Help, I can't figure out a basic KQL query for my data

I have CloudWatch logs being sent to elasticsearch from functionbeat. There is a filed called "message" that contains all the information I want to perform visualizations on. I've spent an entire day trying to figure out how to use your KQL method to practice parsing this "message" field and I've failed miserably on every level.

As you'll see below I think part of the problem is everything inside this "message" field isn't being treated as JSON but instead a single string. This is really complicating matters. I'm going to need guidance and you're going to have to explain it to me like i'm 5. Perhaps the answer is to create a ingest pipeline but I've no idea what that would look like. The answer could easily be a complex KQL query too.

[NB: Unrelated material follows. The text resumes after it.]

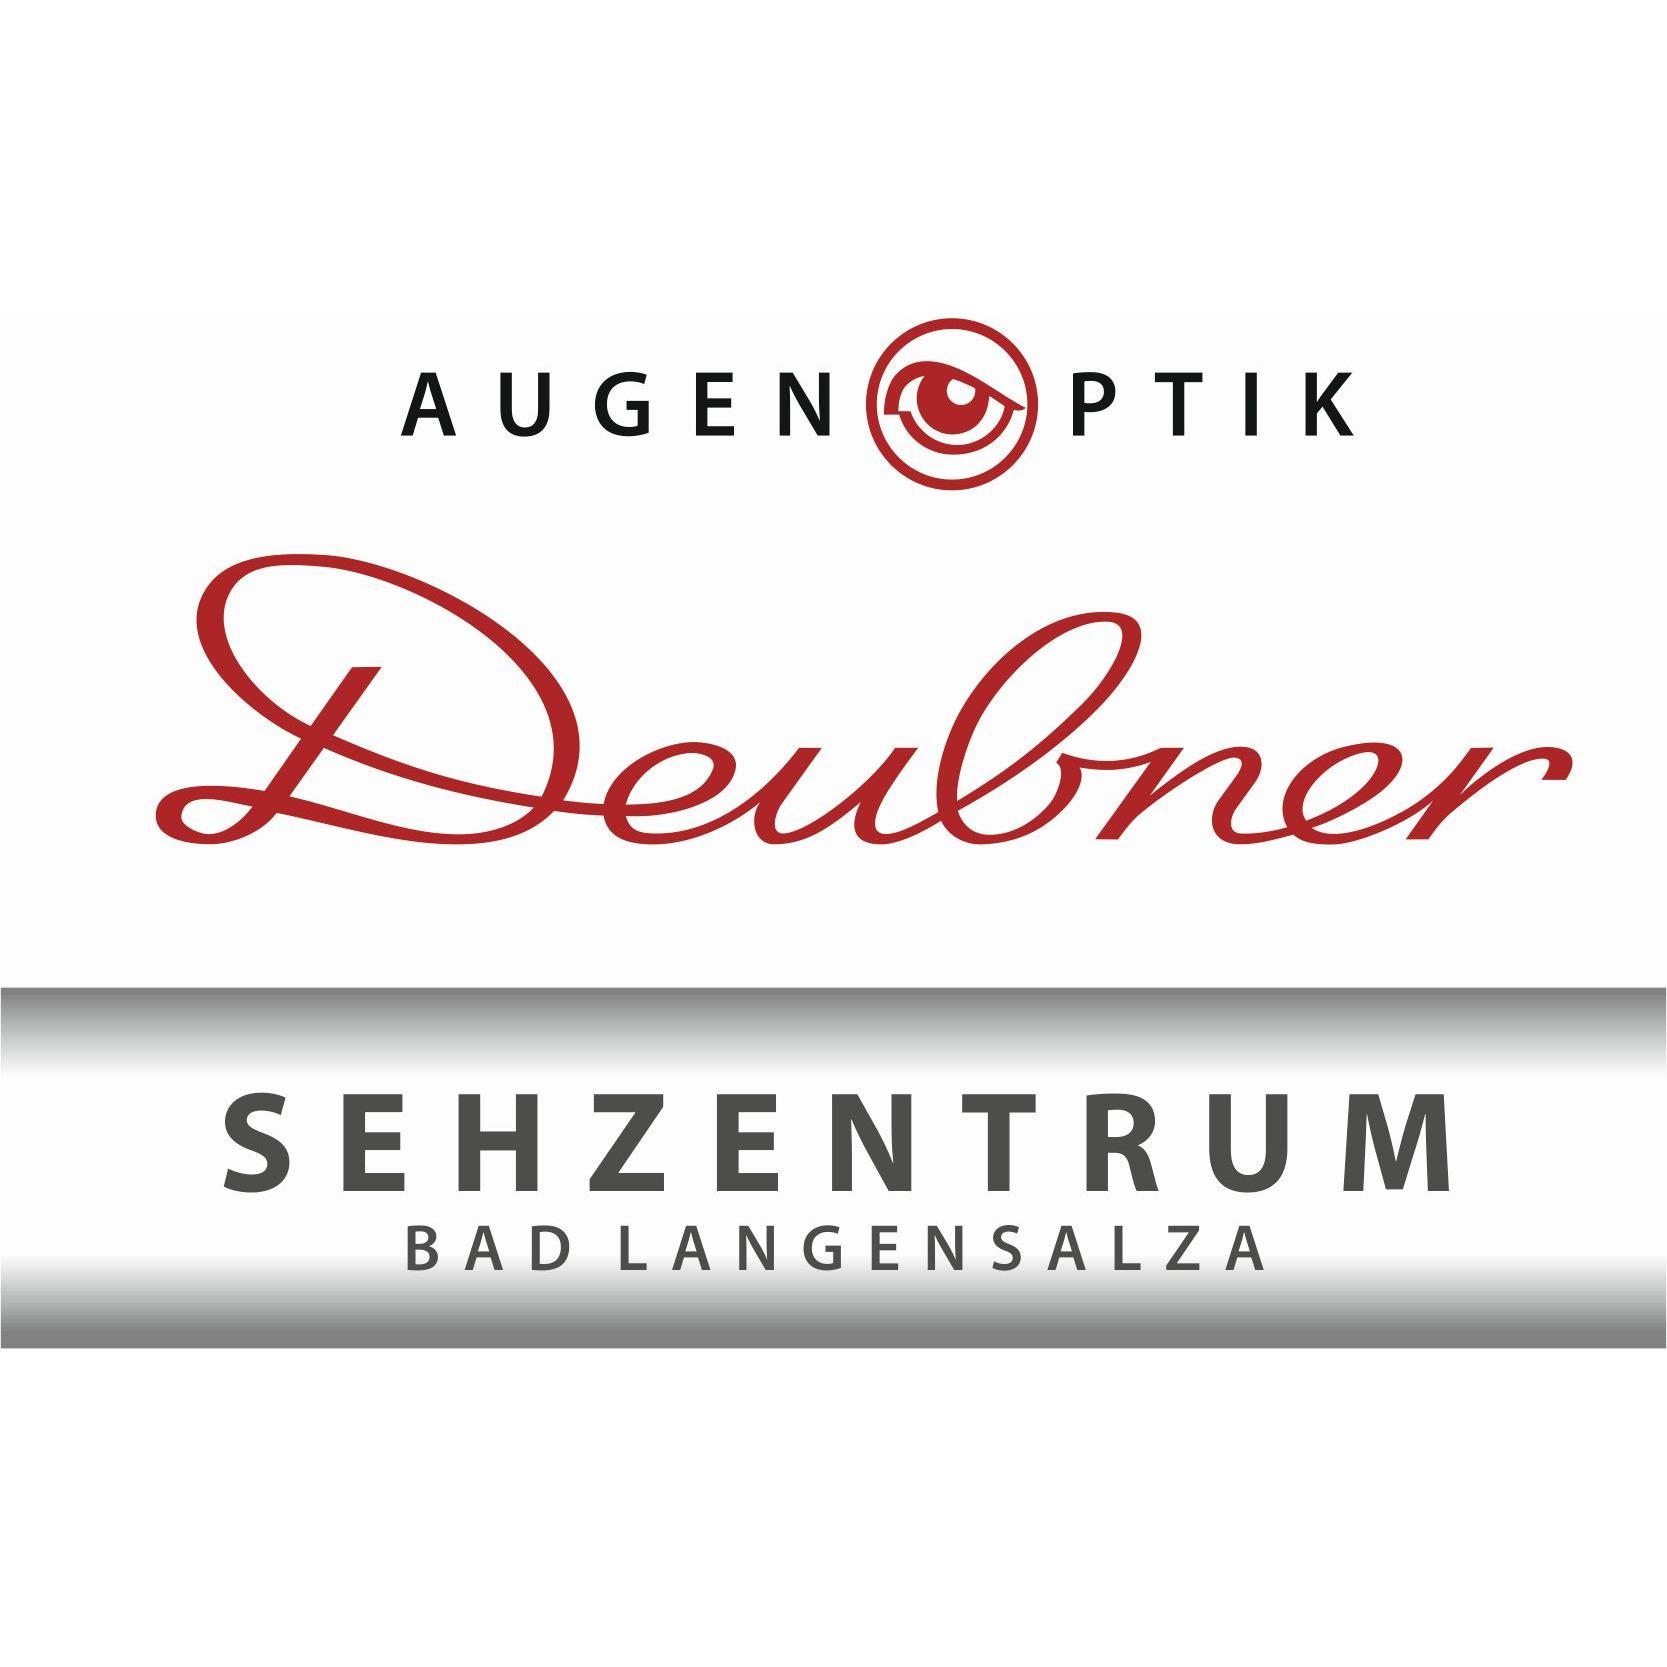 Deubner moderne Augenoptik GmbH

I'm removing junk data out of this document that isn't important indicated by the characters ...

{
  "_index": "functionbeat-7.7.0-2020.05.23-000001",
  "_type": "_doc",
  "_id": "tuv6P3IBbkn-TM6wEe-z",
  "_version": 1,
  "_score": null,
  "_source": {
    "@timestamp": "2020-05-23T05:20:47.689Z",
    ...
    "message": "{\"id\":\"4\",\"type\":\"PassStateEntered\",\"details\":{\"input\":\"\\\"starting state1\\\"\",\"name\":\"state2\"},\"previous_event_id\":\"3\",\"event_timestamp\":\"1590211247689\",\"execution_arn\":\"arn:aws-us-gov:states:us-gov-west-1:097135049942:execution:syost-step-workflow-a:e3644418-d5a4-e182-6f96-1b5db9de714f\"}",
    "message_type": "DATA_MESSAGE",
  ...
}

I think the best approach for your case would be to parse the message which seems to contain JSON at ingestion Time.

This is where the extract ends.